Remembering Aaron, and so many others, today and every day.

************

A Prezi for the departed

 

The mourning template has a pleasant face—

It melds inviting blurs of voicemail clips,

Stray photographs, the downloads from the dead. 

 

The face becomes our starting point. We click

This eye to follow one loss down, from who

(We hear the wedding speech), to what (the plane,

 

The cancers), to the living. Quarter-turn: 

We trace the mourner’s path from boom to now: 

Our view pans over impact statements, blinks

 

A flashback like a strobe across the page—

And then we bounce, yanked forward to the next

Departed, all the g-force metered out

 

To give that first-day kick, the next years’ drag,

And drift us to “conclusion” at the end. 

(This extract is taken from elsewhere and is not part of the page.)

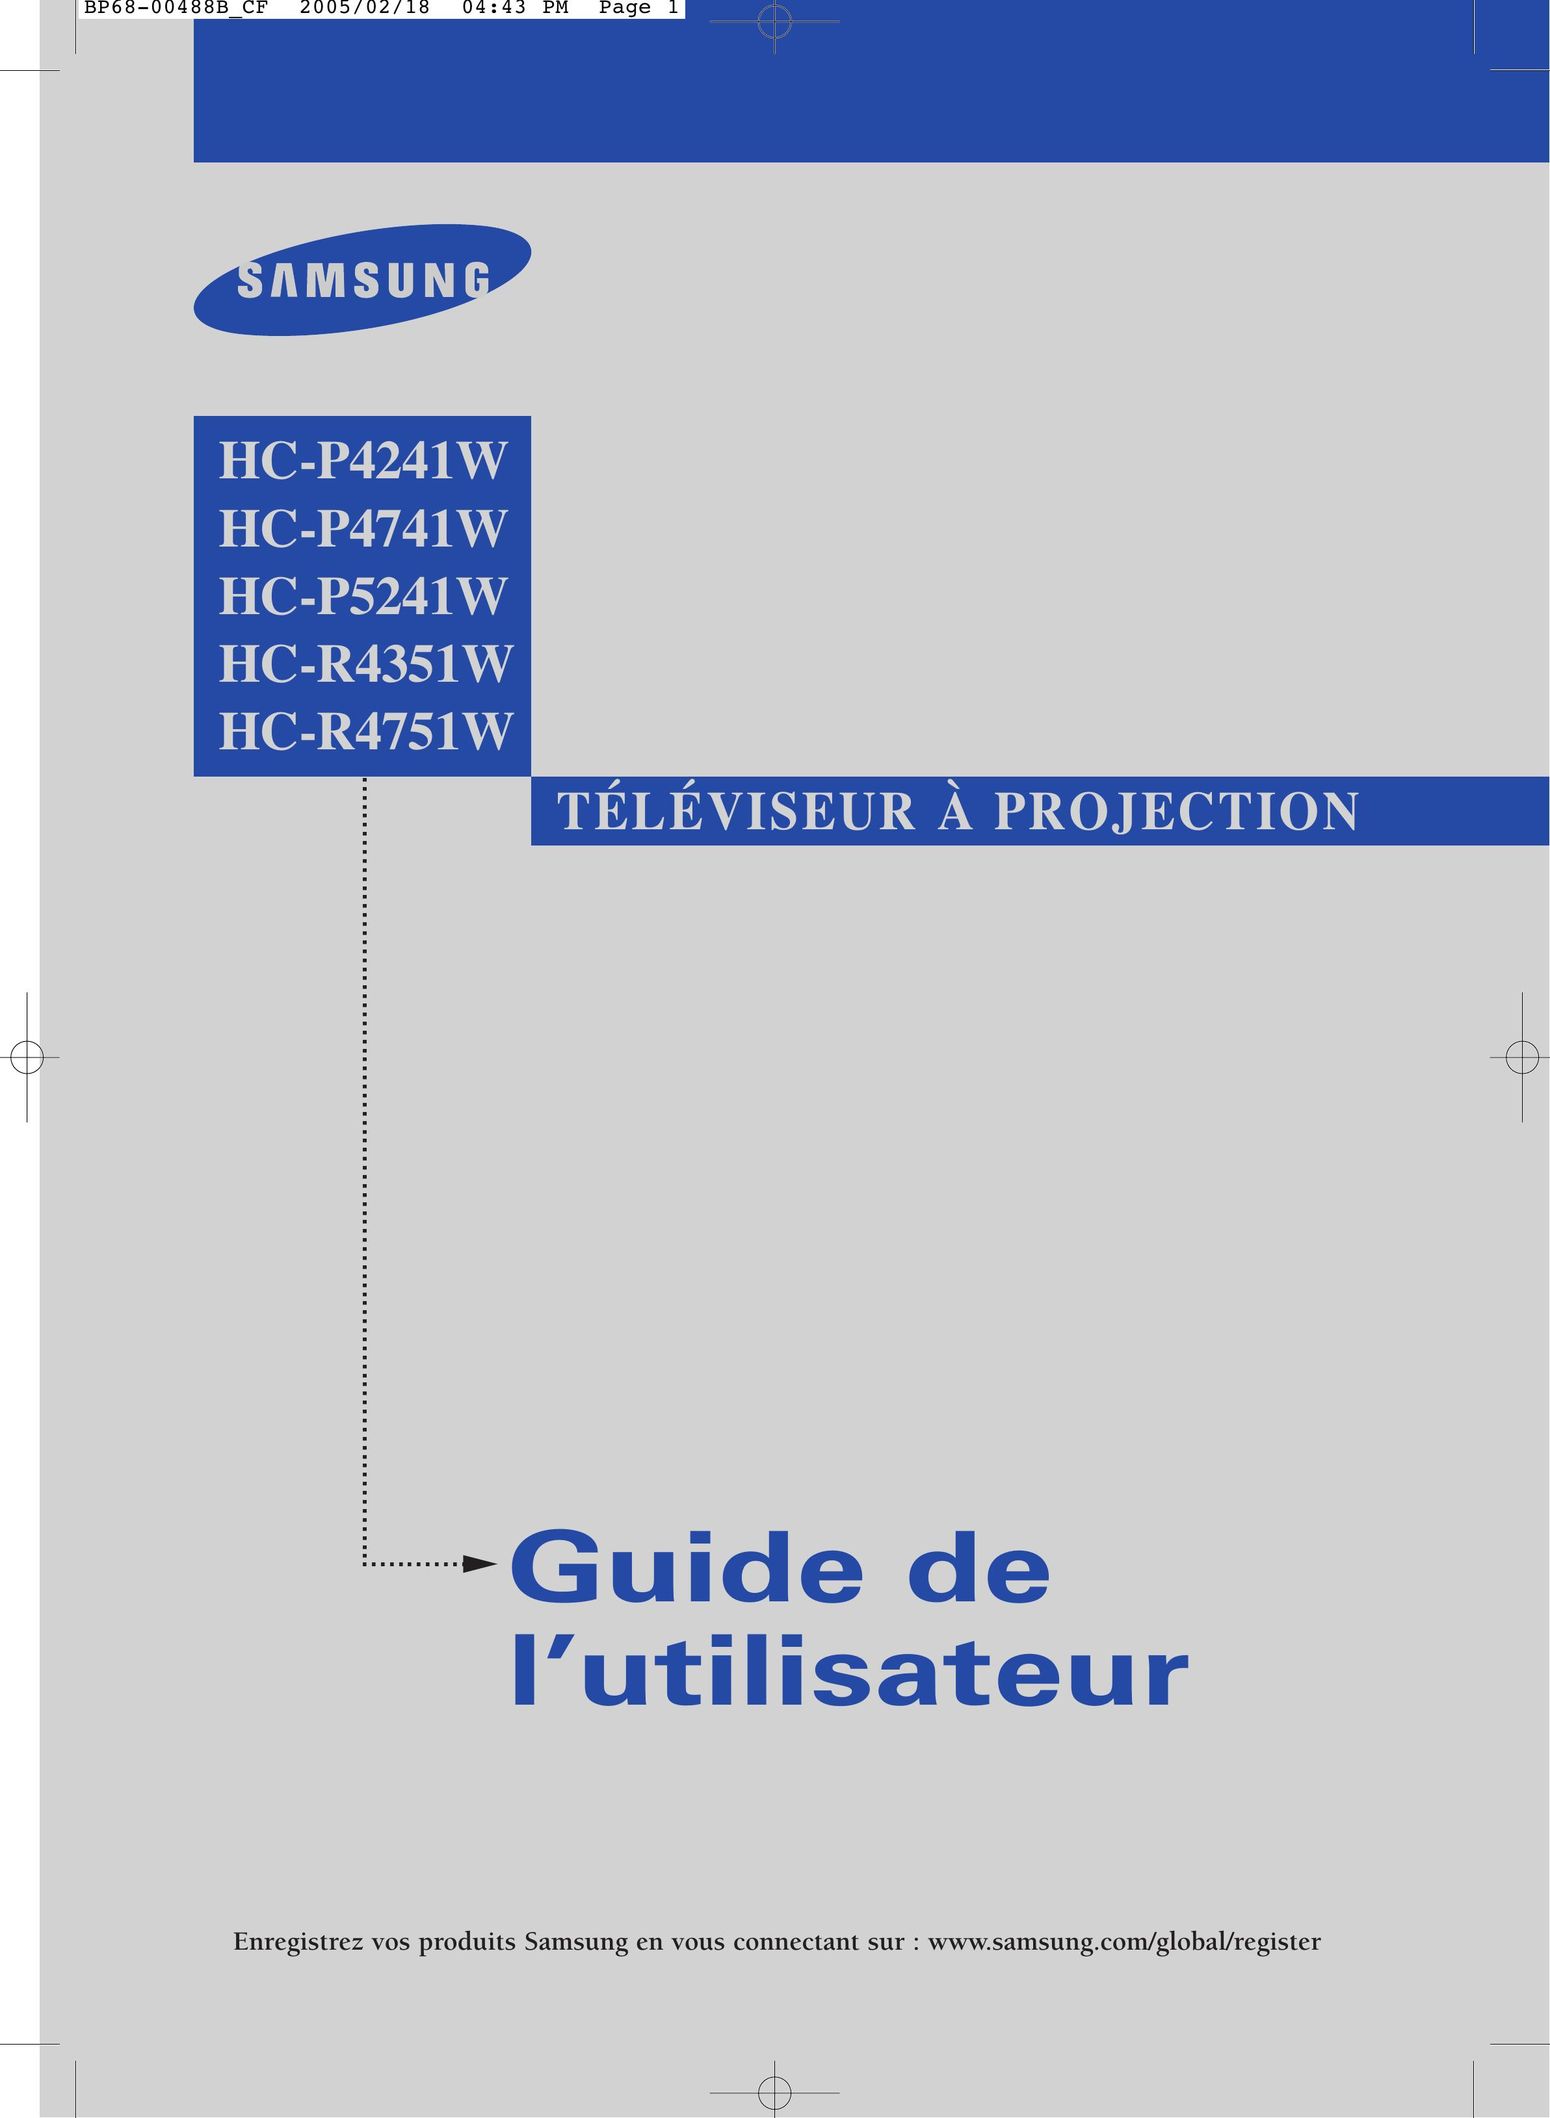 Samsung HC P5241W Projection Television User Manual

Oh Prezi, logo-shirted Virgil, steer

 

Along these rails and never stray: for if

These dead are not yet ours to mourn, this dance

You lead, so briskly guiding hands and knees

 

In painted steps along this path, is one

We all start from the floor. Your glib bright hand

Is what we have to grab to follow on.

 

September 2014

© Joshua Jacobs

3 thoughts on “Remembering Aaron and others this September 11th

  1. Hi Josh,

    I want you to know that i will never forget Aaron.I have thought of him many times since that day. This is how i got to know him. I was at a Memorial here in Seattle at Seattle Center for all the victims. There was this little girl crying right behind me, she was crying hard. She was so sad. It turns out that she is your niece…though this story is short, it has never left my heart. There were the names of 3,000 people on little pieces of paper tied to two arbors and your niece had a rose that she wanted to put next to Aarons name and she couldnt find his name. She took me down where all the flowers and photos were and she showed me his picture. I will never forget his big brown eyes and his infectious smile. So, I was very moved. I told her that i would find his name for her. She and her mom went walking around in the center…and lo and behold I got very overwhelmed with all the names flying in the breeze. And there right in front of my face was his name. i went and found your niece and brought her back to his name so she could put her flower there. I dont know who or how i heard this, but she said ” mom, there is the angel lady.” i guess really Aaron was the angel who guided me to his name. I have shared this story so many times about your brother and your niece…and am glad to have this opportunity to share it with you. I read about the memorial bench that was made in his name. It made my heart sing. Please share this short story with your family. Aaron will forever be in my heart.

  2. Hi Josh,

    My parents, brother, and I lived caddie-corner from your folks, you, and Aaron when you lived on Claves Court in Shouse Village, Vienna, VA in the late seventies. I used to look after you and Aaron when your folks would have dinner engagements. I remember all of you and there are many things I recall about Aaron. He had a way of talking that was very different, and challenging to understand at first. For example, “Hi Bill” would become “Ha BLLLL”. Your cat “Fluffy” was “FWUFFEE”. Words sort of morphed together. It was surprising how quickly, if one really listened, one adapted and could understand everything he was saying. I recall it baffling the neighbors as he and I would talk. He loved to run around the house while I was there, with me giving chase, and would end up diving onto an overstuffed leather chair face down, giggling and screaming the whole time. He would want to do it again and again and again. Even though he was only three or so, he would always call out from across the street to say hi if he saw me. He was friendly to everyone he encountered. I am glad to read in accounts of his years after that that he accomplished and experienced much and was a gift to many around him in the 27 years he was blessed with. I’ll always remember him as this sweet, loving little guy one couldn’t help but adore. I miss him, and I only knew him for a little while a long time ago.